PÍO IX –
07/02/2025
No es fácil
tener una idea de la devastación que el racionalismo y el modernismo hicieron
en los católicos en el transcurso del siglo XIX. Su espíritu venía siendo
infiltrado por revolucionarios de todos los matices, ardiendo de rebelión
contra lo sobrenatural. La integridad del catolicismo, en el cual lo
sobrenatural es visible y auténtico, fue puesta en cuarentena por los medios y
por los gobiernos excretados por la Revolución Francesa que iban derrumbando
las monarquías aún impregnadas de tradición católica. Todos los espíritus
intentaban liberarse de la creencia del orden sobrenatural que no se encuadraba
rigurosamente dentro de las leyes de la naturaleza proclamadas por Marx, Darwin
y Freud, entre otros. Librepensadores y revolucionarios de todo tipo atacaban
hasta por las armas la Santa Sede.
Estaban los que
habían roto enteramente con el espíritu del mundo, como santos gloriosos del
quilate de San Juan Bosco, Santa Teresita del Niño Jesús, o San Antonio María
Claret, por citar sólo algunos. Estos se conservaban sin ninguna traza de
racionalismo o de modernismo. Pero en las filas del laicado eran muy pocos,
especialmente en los círculos intelectuales y sociales elevados. La Iglesia
parecía un inmenso edificio que se desmoronaba a pedazos. Poquísimos
conservaban su auténtico espíritu. En su casi totalidad, conservaban apenas
vestigios crepusculares de fe, que anunciaban que el día de Dios estaba
llegando a su fin. Y la noche completa no habría de tardar.
En vista de
esto, ¿cómo debería actuar la Santa Iglesia?

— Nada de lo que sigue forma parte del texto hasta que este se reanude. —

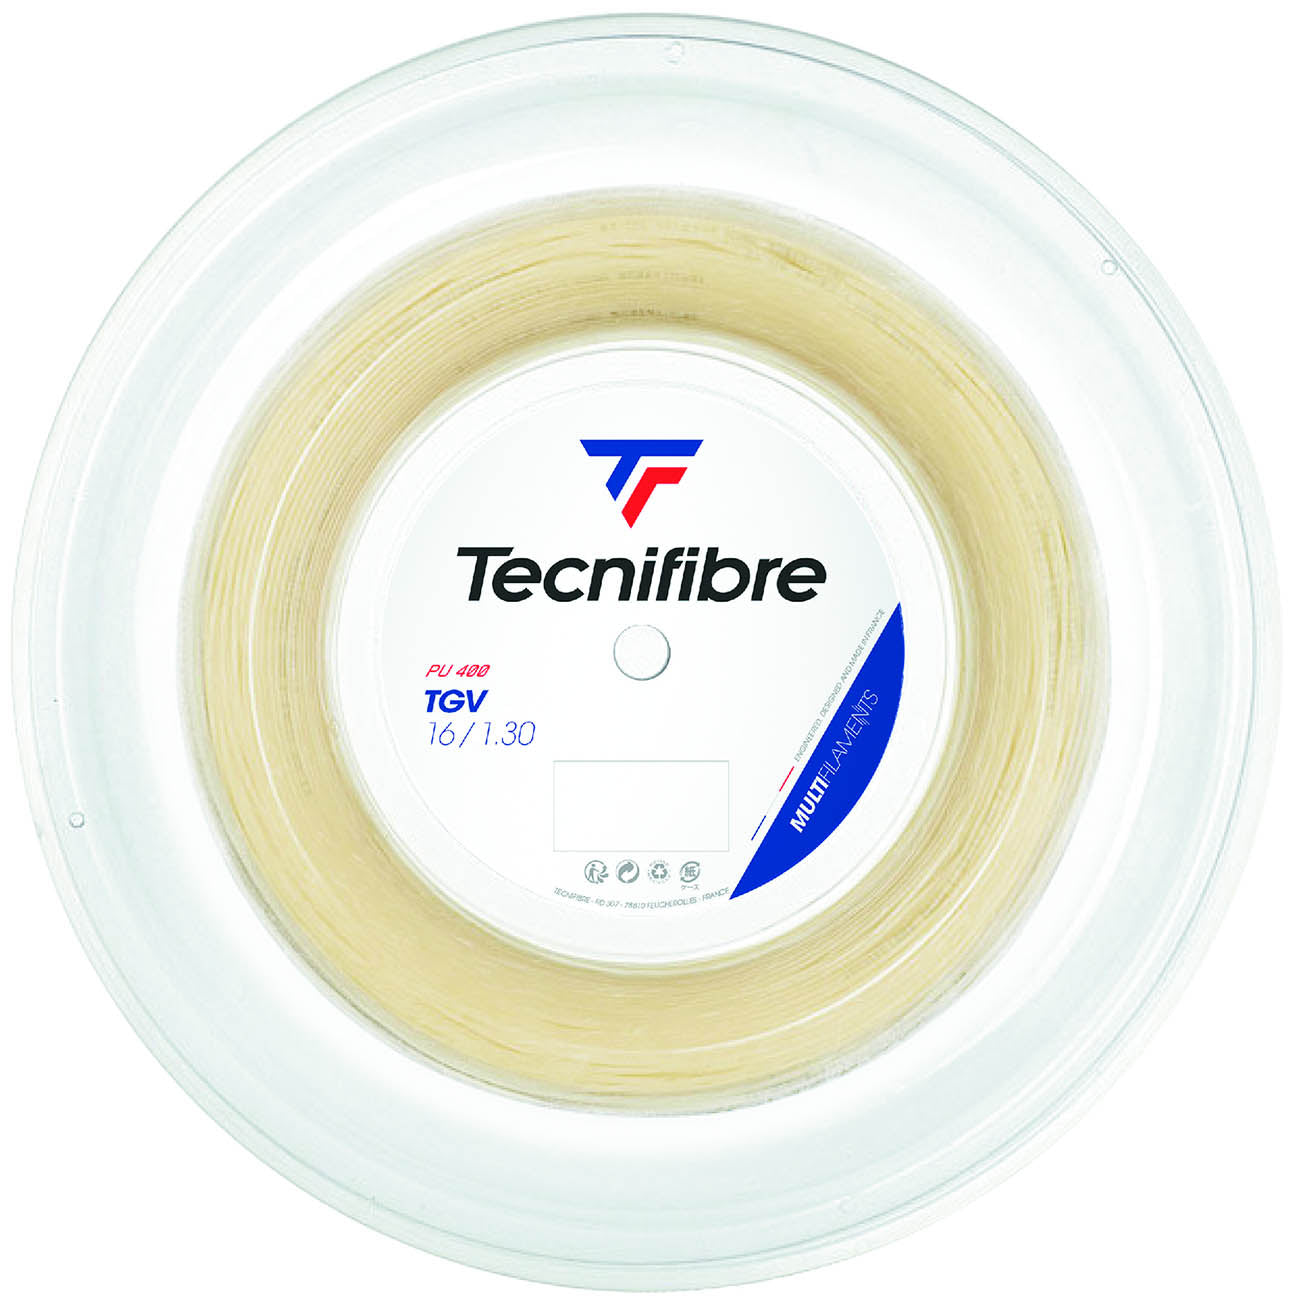 Tecnifibre TGV Tennis String - 200m Reel from Sweatband.com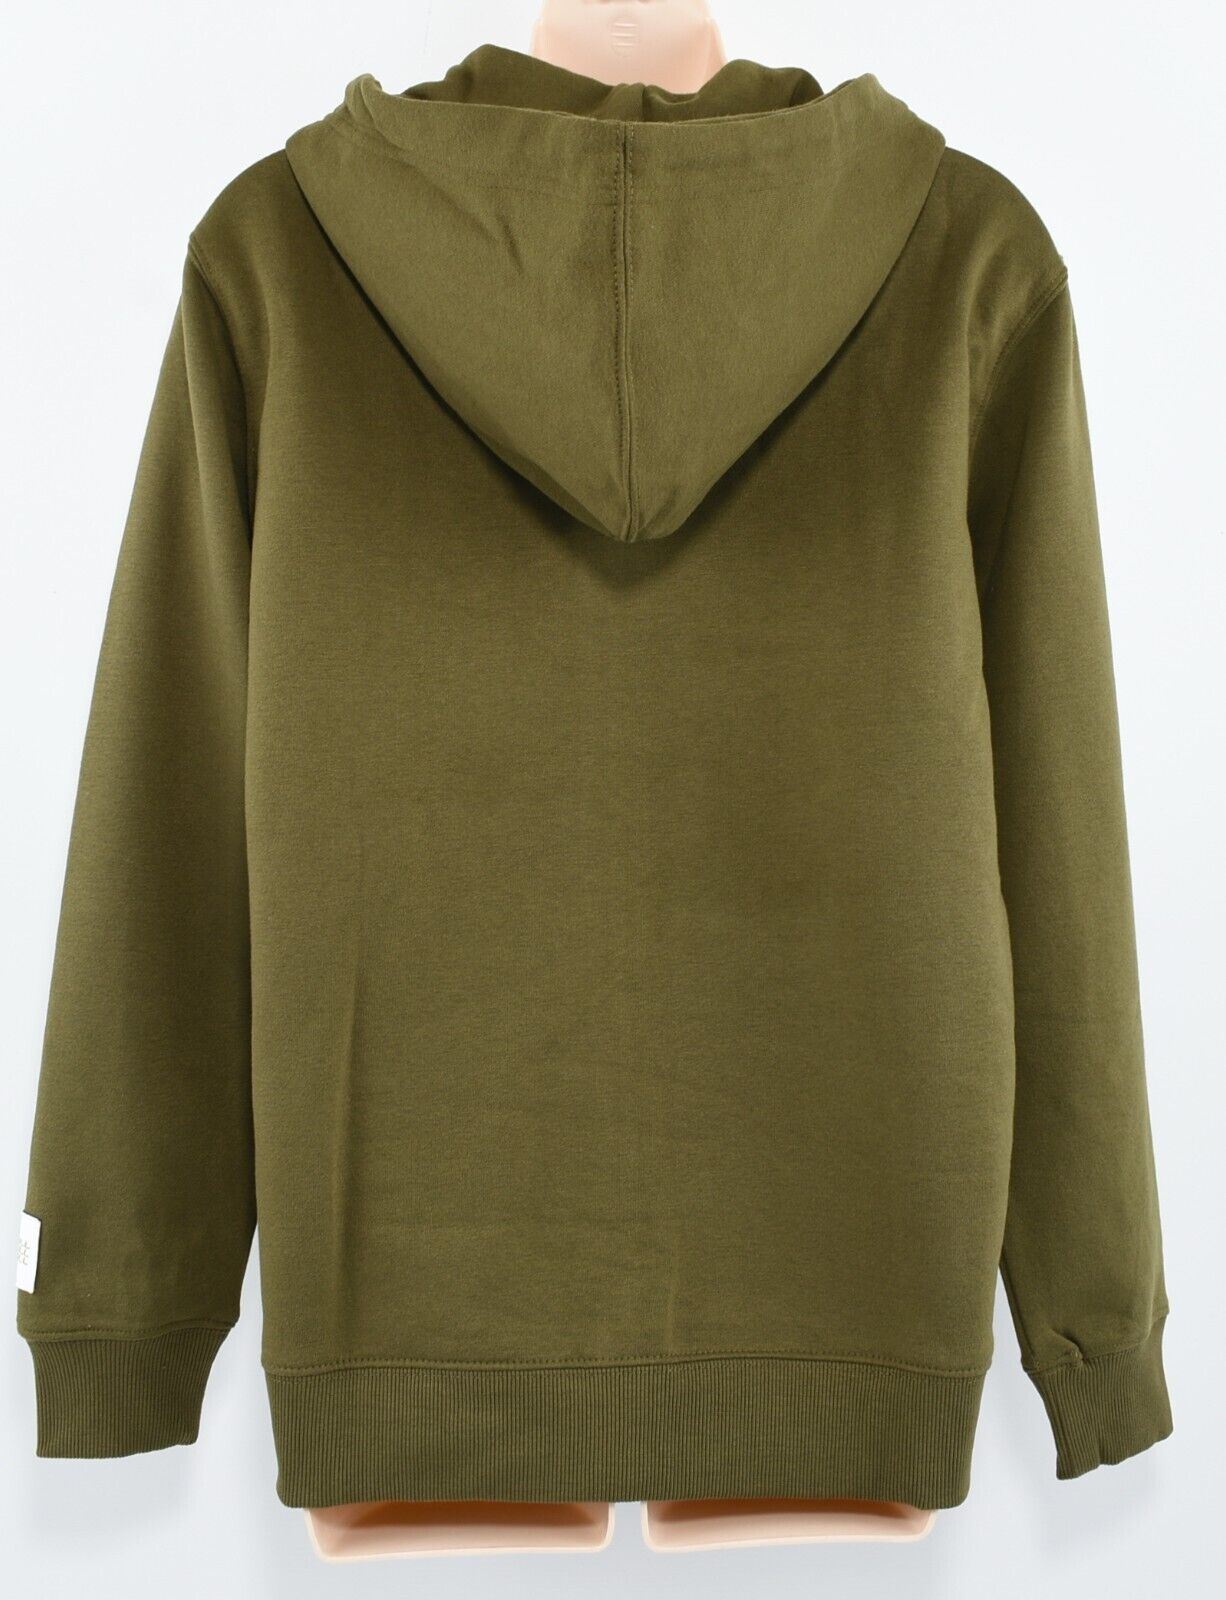 O'NEILL Women's CALI Full Zip Hoodie Jacket, Winter Moss (Green), size M - UK 12

Las opiniones estaban divididas en
este asunto que era de los más delicados.
El Papa Pío IX
optó por la energía y convocó el Concilio Vaticano, a fin de decidir sobre la
infalibilidad papal. Antes incluso del concilio proclamó como verdad infalible el
dogma de la Inmaculada Concepción.
Fue un gran
gesto de audacia enfrentando el espíritu del siglo. Hablar de dogmas en aquella
época era una temeridad. Definir dogmas nuevos, temeridad mayor. Y definir como
dogmas la Inmaculada Concepción y la infalibilidad papal, en una época
tremendamente racionalista y democrática, parecía una verdadera locura.
Una inmensa
algazara se levantó entre los católicos cuando la deliberación del Pontífice
fue conocida, mayormente a nivel episcopal y cardenalicio. La oposición fue tan
fuerte que la casi totalidad de los obispos franceses y parte de los de lengua
alemana se opusieron claramente a la definición de aquellas dos verdades de fe.
No era porque
discordasen de ellas, que ya venían siendo profesadas por la Iglesia hacía
siglos. No querían la proclamación de esos dogmas porque pensaban que el
espíritu del siglo XIX sólo podría ser atraído por una gran sonrisa de
concesión y de tolerancia. Rechazaban golpes de audacia y proponían una
invariable blandura para convertir a las masas. Pensaban ellos que la firmeza
del lenguaje evangélico del “sí, sí, no, no” en aquella época sería una locura,
y que, con esa actitud llena de osadía de Nuestro Señor Jesucristo, todos se
irritarían y se reafirmarían en el error. La única táctica viable consistiría
en contemporizar y conquistar con dulces coexistencias.
Ríos de tinta
se gastaron para probar que el Concilio era retrógrado y oscurantista. No
obstante, los resultados esperados por Pio IX no se hicieron esperar. En el
seno del pueblo el dogma fue aceptado gracias al vigor con que la Iglesia lo
promulgó. En círculos intelectuales, la energía del Papa le atrajo el respeto
general. El racionalismo y el modernismo fueron decayendo y en pocos años la
Iglesia había aplastado al dragón que amenazaba devorarla.